A monthly review and outlook of the Global Listed Infrastructure sector.
Market Review - as at April 2020
Global Listed Infrastructure rallied in April as substantial government stimulus packages restored a measure of confidence to financial markets.
The best performing infrastructure sector was Toll Roads (+16%), which climbed on anticipation of a gradual return of traffic volumes if lockdown measures were to ease. Pipelines (+16%) rose by a similar amount despite ongoing turmoil in energy markets. Investors focused on the intrinsic value of these extensive energy infrastructure networks, which are largely contracted or regulated. Utilities (+2% to +5%) delivered more modest gains, as investors sought value in higher beta sectors.

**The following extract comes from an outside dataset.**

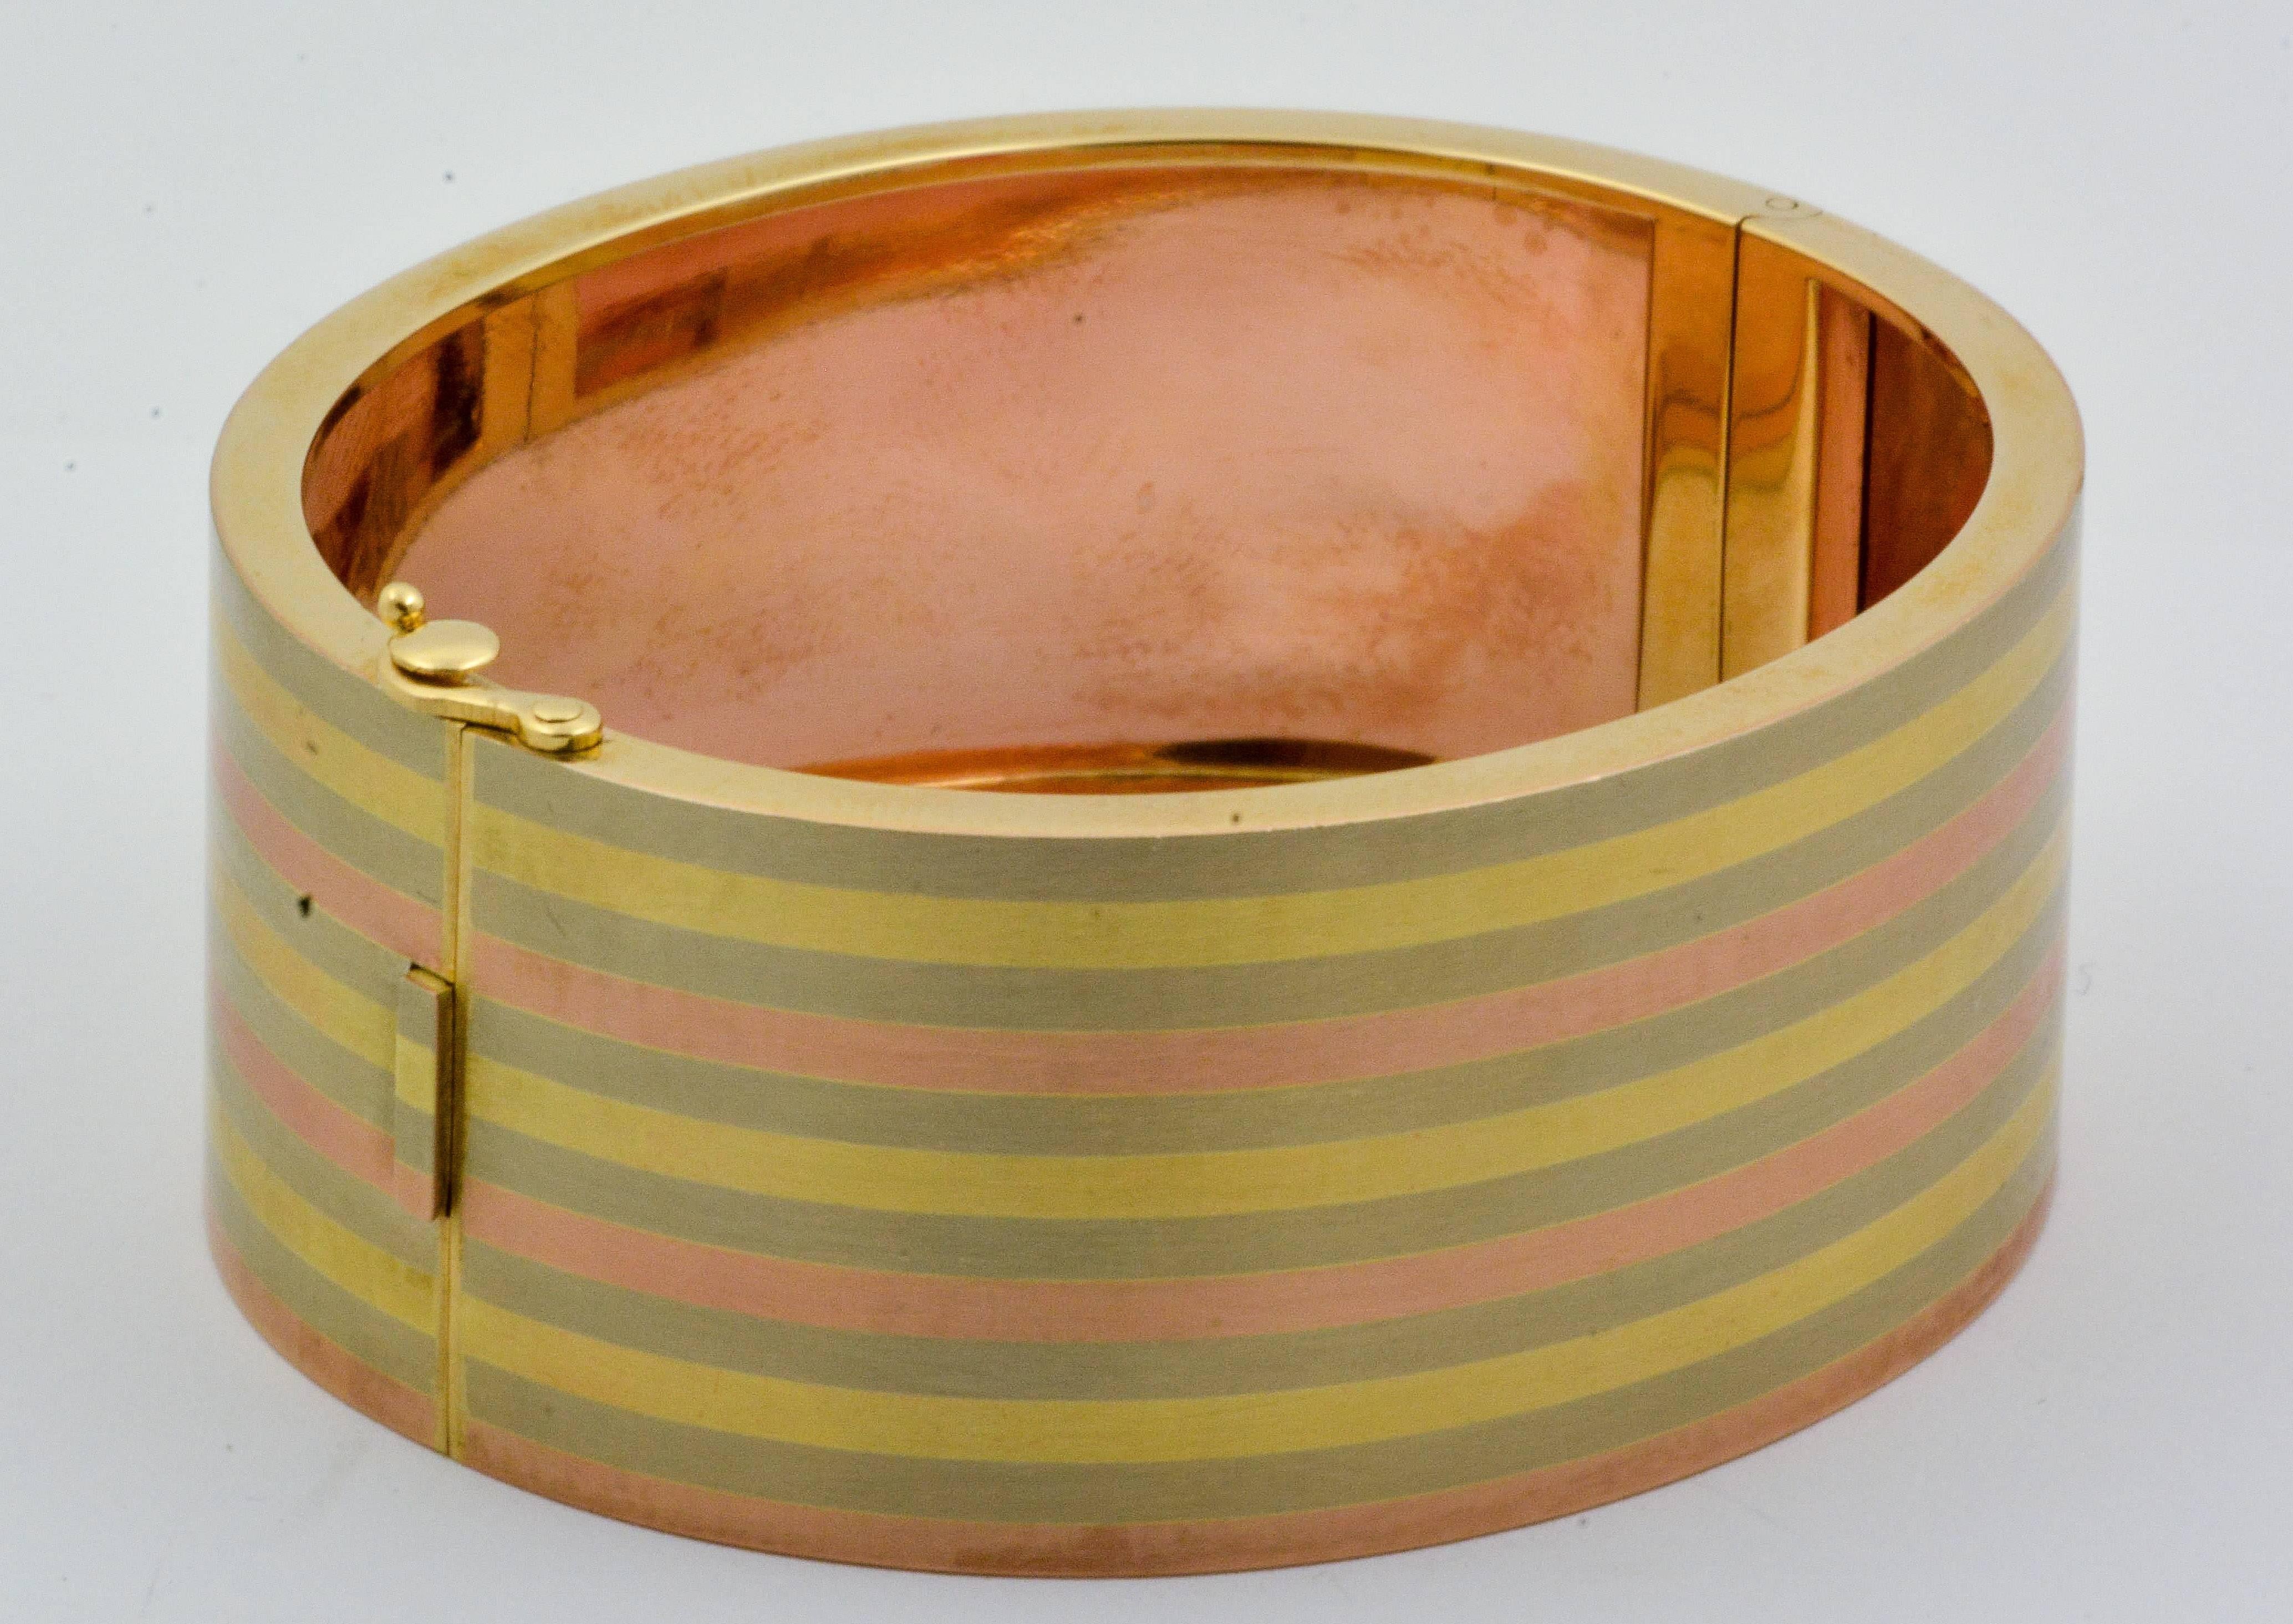 This beautiful hinged bangle bracelet makes a fashion statement with its unique 14kt stripes of yellow, rose, and white gold. Its entire surface is satin finished and flat across its 25.3mm width. The bangle features a hidden hinge to keep its

The best performing infrastructure region was Australia NZ (+15%), which rallied on the view that the region appears to be coping with coronavirus impacts; and that its infrastructure stocks may be at the forefront of any broader recovery. The region’s toll roads and airports fared particularly well. The worst performing infrastructure region was Japan (–4%) which gave back some of the previous month’s gains. The UK (flat) also underperformed as its utility stocks lagged.
All stock and sector performance data expressed in local currency terms. Source: Bloomberg.
Market Outlook and Strategy
We invests in a range of global listed infrastructure assets including toll roads, airports, railroads, utilities, pipelines, and wireless towers. These sectors share common characteristics, like barriers to entry and pricing power, which can provide investors with inflation-protected income and strong capital growth over the medium-term.
The portfolio remains positioned with toll roads as its largest sector overweight. Current valuations, even after April’s partial rebound, imply multi-year traffic declines and ignore the reality that interest rates will be lower going forward. There is a valid argument that increased flexibility to work-from-home may result in a permanent adjustment to traffic. There is a stronger argument, and evidence from China, that as shutdowns are eased, people will prefer to travel by private car than by public bus / subway to maintain social distancing.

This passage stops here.